Katharina L Dürr1, Ina Seuffert, Thomas Friedrich.   

Abstract

A lysine residue within the highly conserved center of the fifth transmembrane segment in P(IIC)-type ATPase α-subunits is uniquely found in H,K-ATPases instead of a serine in all Na,K-ATPase isoforms. Because previous studies suggested a prominent role of this residue in determining the electrogenicity of non-gastric H,K-ATPase and in pK(a) modulation of the proton-translocating residues in the gastric H,K-ATPases as well, we investigated its functional significance for ion transport by expressing several Lys-791 variants of the gastric H,K-ATPase in Xenopus oocytes.
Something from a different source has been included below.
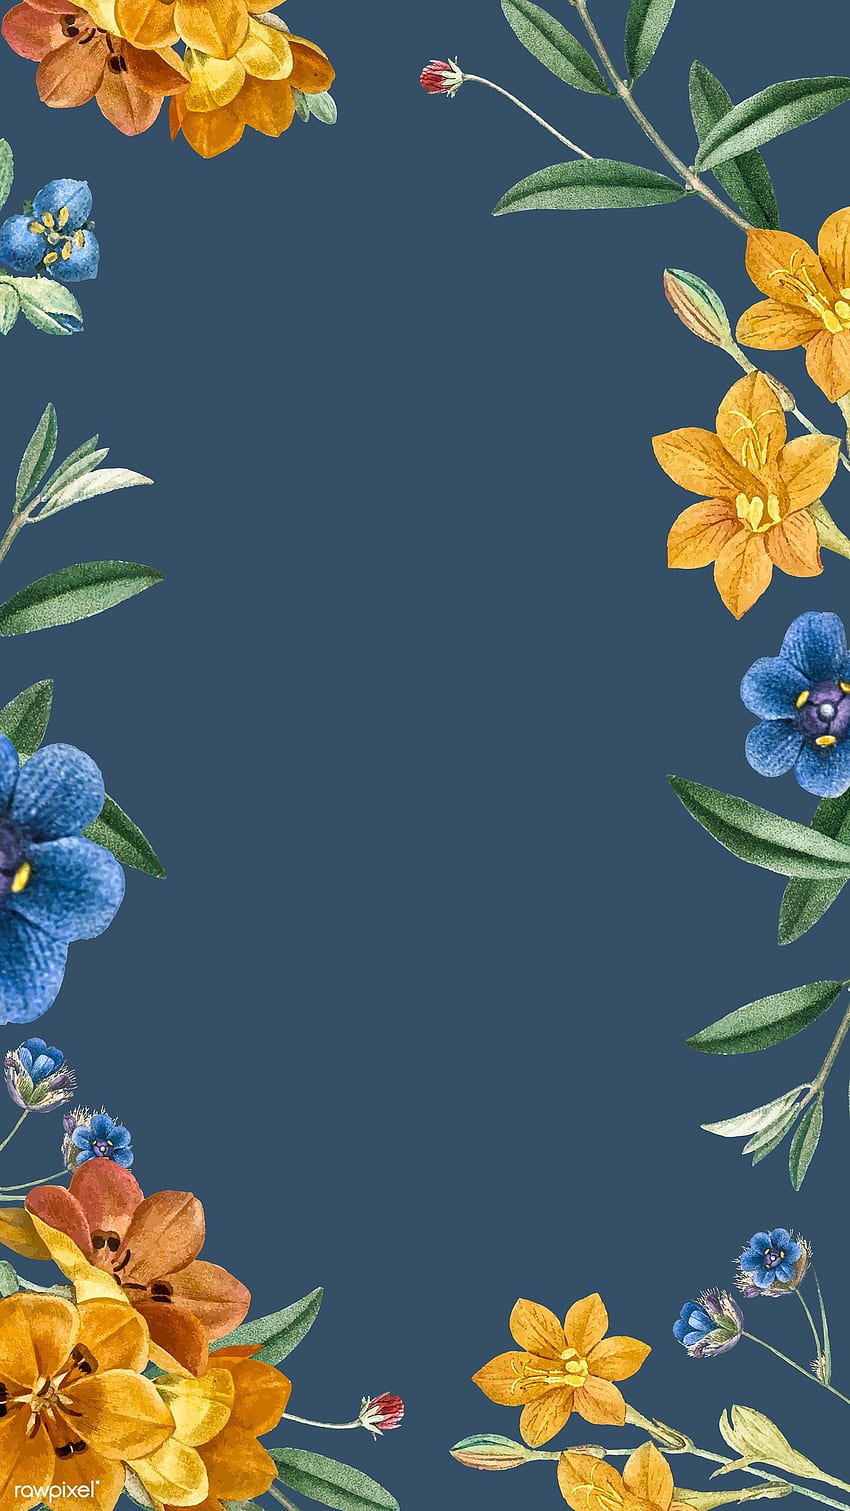 Premium-Vektor des Handy-Hintergrunds mit blauem Blumenrahmen. Telefonhintergrund, iPhone 6 Blume, iPhone HD-Handy-Hintergrundbild
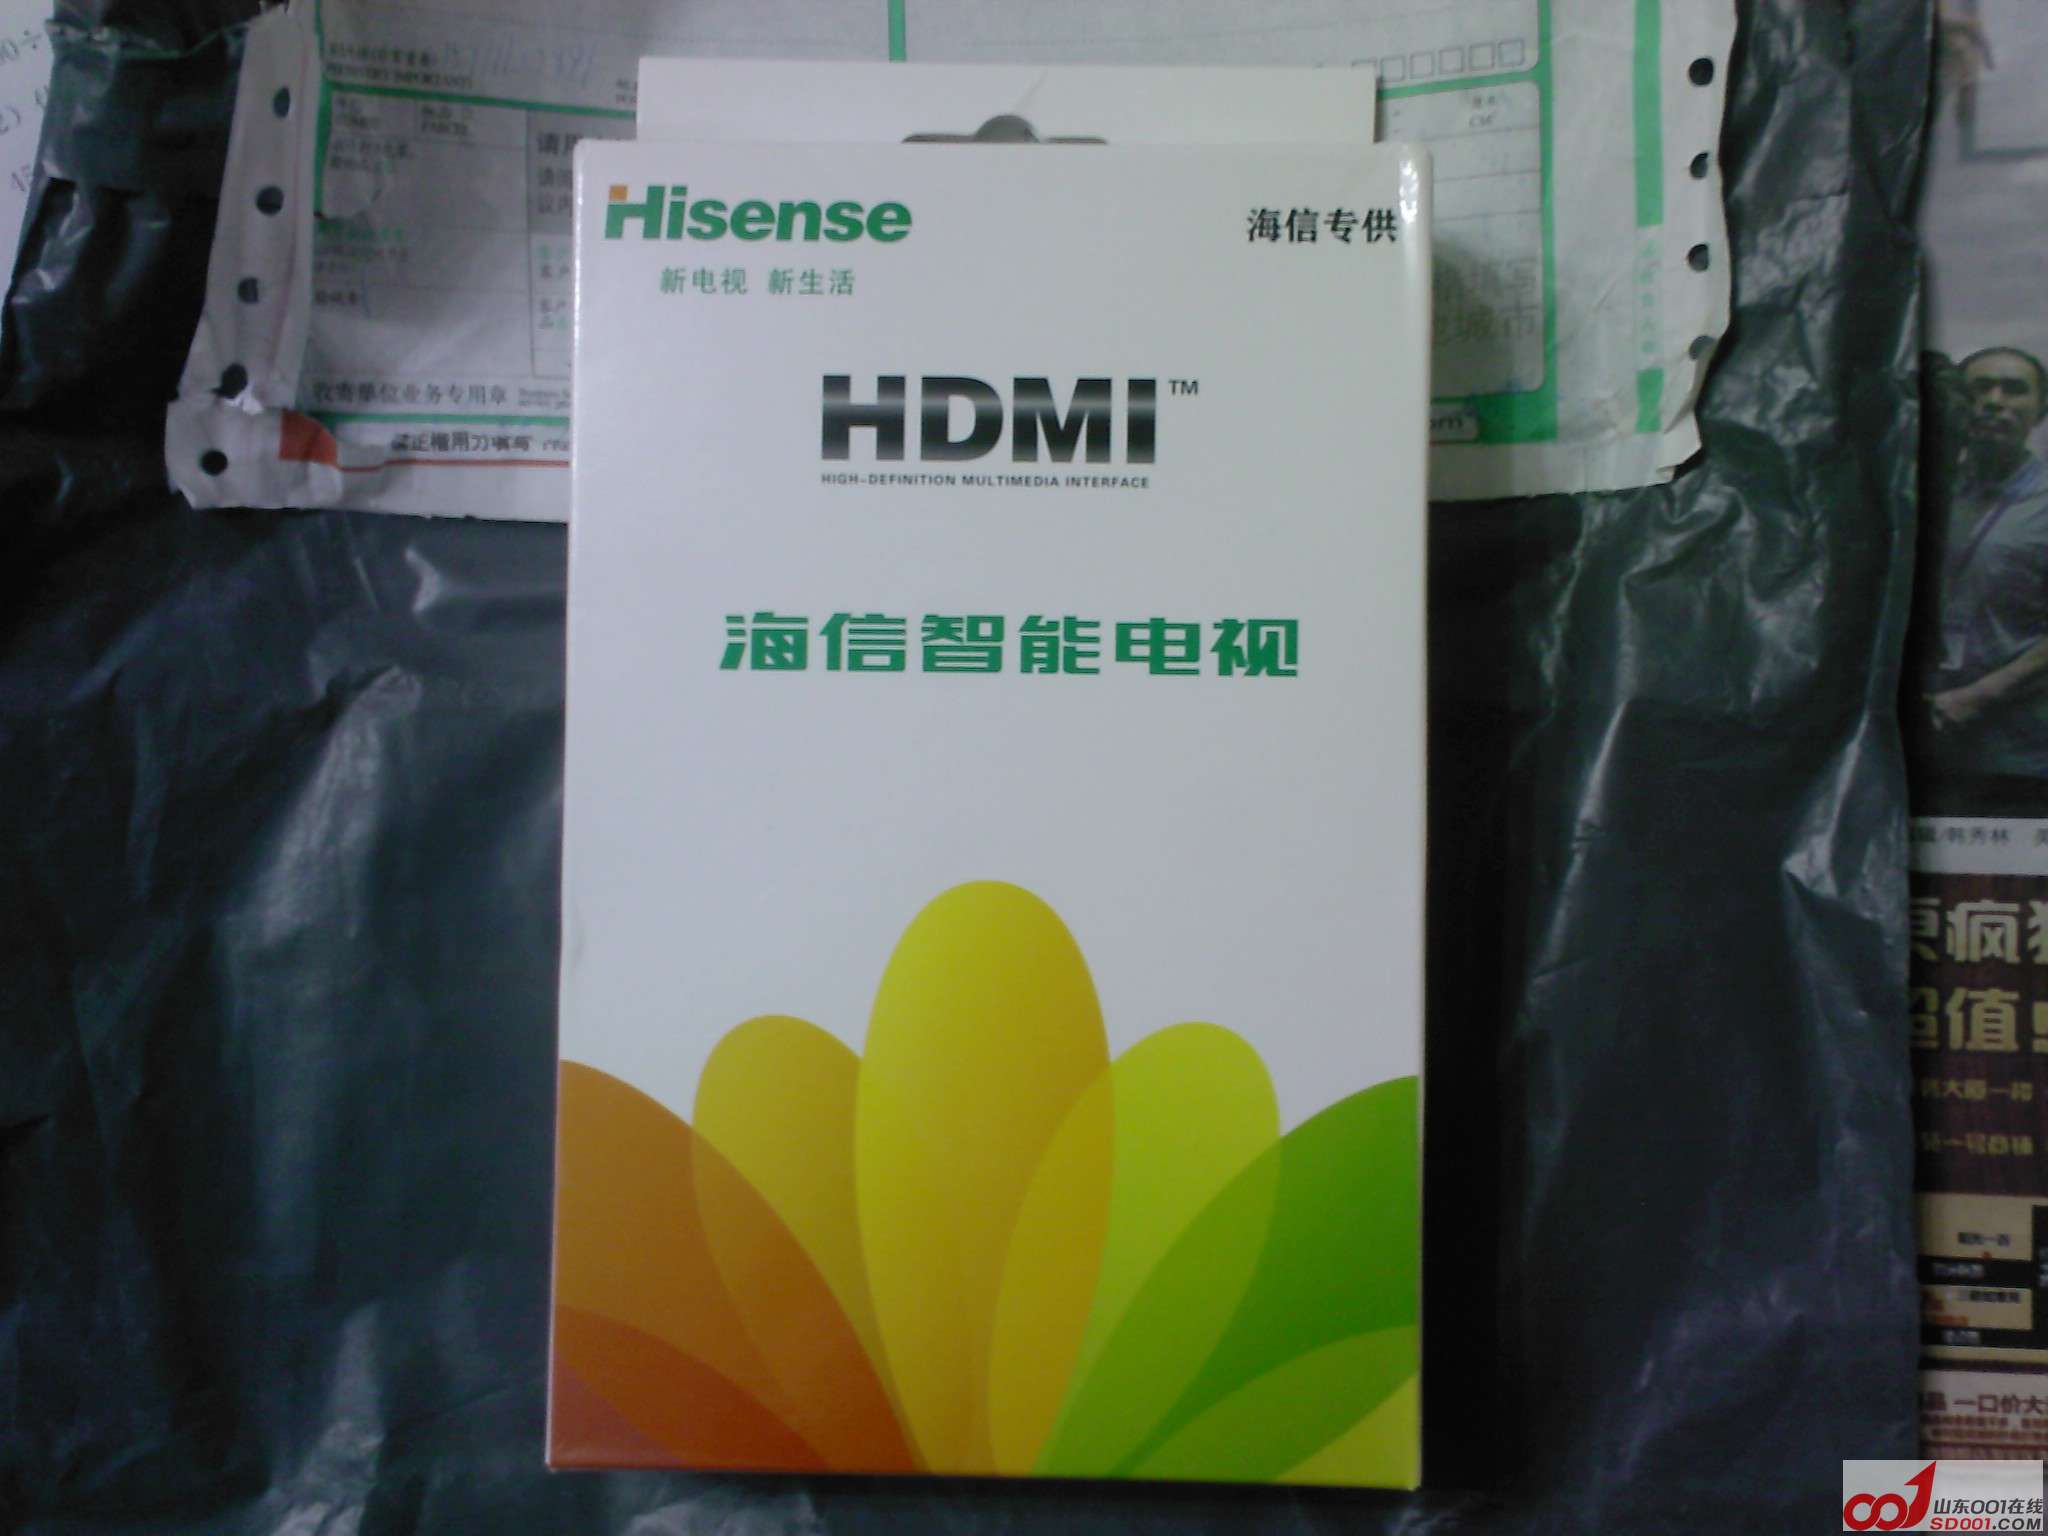 HDMI20121114190334.jpg

Although the mutant proteins were all detected at the cell surface, none of the investigated mutants displayed any measurable K(+)-induced stationary currents. In Rb(+) uptake measurements, replacement of Lys-791 by Arg, Ala, Ser, and Glu substantially impaired transport activity and reduced the sensitivity toward the E(2)-specific inhibitor SCH28080. Furthermore, voltage clamp fluorometry using a reporter site in the TM5/TM6 loop for labeling with tetra-methylrhodamine-6-maleimide revealed markedly changed fluorescence signals. All four investigated mutants exhibited a strong shift toward the E(1)P state, in agreement with their reduced SCH28080 sensitivity, and an about 5-10-fold decreased forward rate constant of the E(1)P ↔ E(2)P conformational transition, thus explaining the E(1)P shift and the reduced Rb(+) transport activity. When Glu-820 in TM6 adjacent to Lys-791 was replaced by non-charged or positively charged amino acids, severe effects on fluorescence signals and Rb(+) transport were also observed, whereas substitution by aspartate was less disturbing. These results suggest that formation of an E(2)P-stabilizing interhelical salt bridge is essential to prevent futile proton exchange cycles of H(+) pumping P-type ATPases.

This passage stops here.